This python software is an implementation of the Sequential Model-Based Ensemble Optimization (ESMBO) algorithm [1]. It combines Spearmint [2] for fast hyperparameter optimization with the Agnostic Bayes theory [3] to generate an ensemble of learning algorithms over the hyperparameter space for increasing the generalization performances.
- Fast hyperparameter optimization via Spearmint, based on a gaussian process modelization of the hyperparameter search space.
- State of the art ensemble of learning algorithms with no extra computational cost at learning time.
- Compatible with any programming language via a configurable command line interface (coming soon).
- 3D vizualization of the hyperparameter space based on mayavi (Optional dependency).
- Easy parallelization via python's multiprocessing or an implementation of an mpi queue for running on a computer grid (alpha).
- Crash recovery (coming soon).
- Anytime algorithm. You can obtain the best predictor so far and visualize the behavior at anytime.
- MongoDB compatible. All information gathered during the optimization process is stored in a MongoDB-like structure.
- numpy, scipy
- matplotlib (Optional, for visualization)
- mayavi, traits (Optional, for 3D visualization)
- mpi4py, openmpi (Optional, for parallelization over computational grid)
- scikit-learn (Optional, for playing with the provided examples)

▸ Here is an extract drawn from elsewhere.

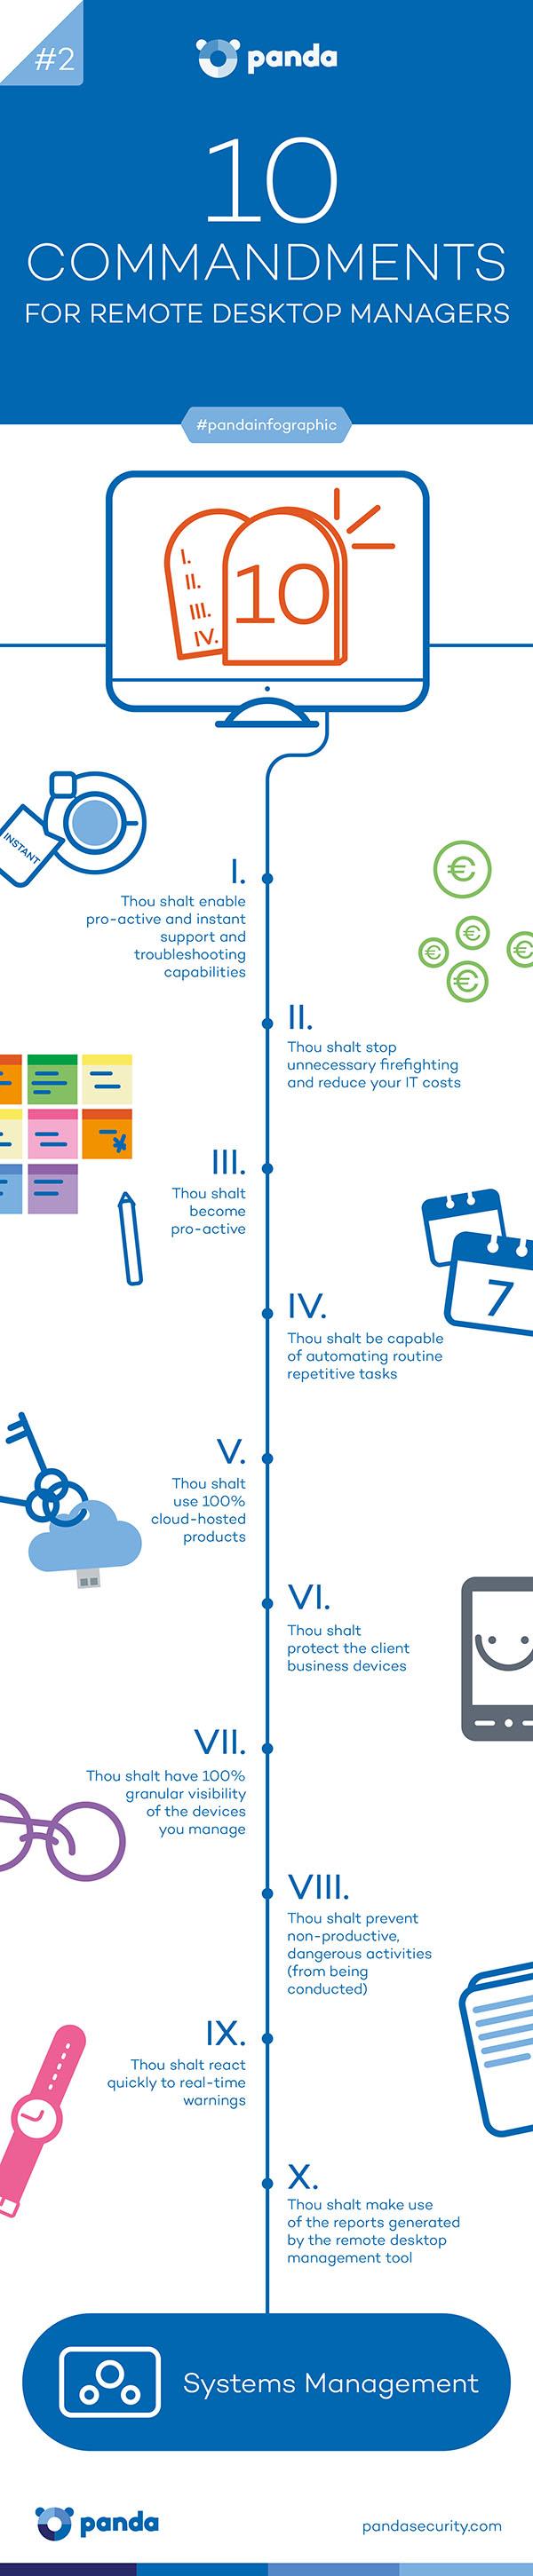 10-commandments-desktop-managers1

First, you have to define a hyperparameter search space. To do so, we provide an elegant pythonic tool that mimics the way you would normally instantiate your learning algorithm. Example using SVR from scikit learn:
from spearmint_salad import hp
from sklearn.svm import SVR
# Encapsulate the class into a hp.Obj to be able to instantiate using variable parameters
# or constant parameters if necessary.
hp_space = hp.Obj(SVR)(
C = hp.Float( min_val=0.01, max_val=1000, hp.log_scale ), # variable
kernel = 'rbf', # constant
gamma = hp.Float( min_val=10**-5, max_val=1000, hp.log_scale ), # variable
epsilon = hp.Float(min_val=0.01, max_val=1, hp.log_scale), # variable
)
Next, it suffices to start the optimization for a given metric on a particular dataset
from spearmint_salad import metric
metric = metric.SquareDiffLoss()
make_salad( hp_space, metric, dataset_path)
During the optimization, you can launch the visualization tool
$ viz.py
[1] Lacoste, Alexandre, Hugo Larochelle, François Laviolette, and Mario Marchand. "Sequential Model-Based Ensemble Optimization." arXiv preprint arXiv:1402.0796 (2014).
[2] Snoek, Jasper, Hugo Larochelle, and Ryan P. Adams. "Practical Bayesian Optimization of Machine Learning Algorithms." In NIPS, pp. 2960-2968. 2012.
[3] Lacoste, Alexandre, Mario Marchand, François Laviolette, and Hugo Larochelle. "Agnostic Bayesian Learning of Ensembles." In Proceedings of The 31st International Conference on Machine Learning, pp. 611-619. 2014.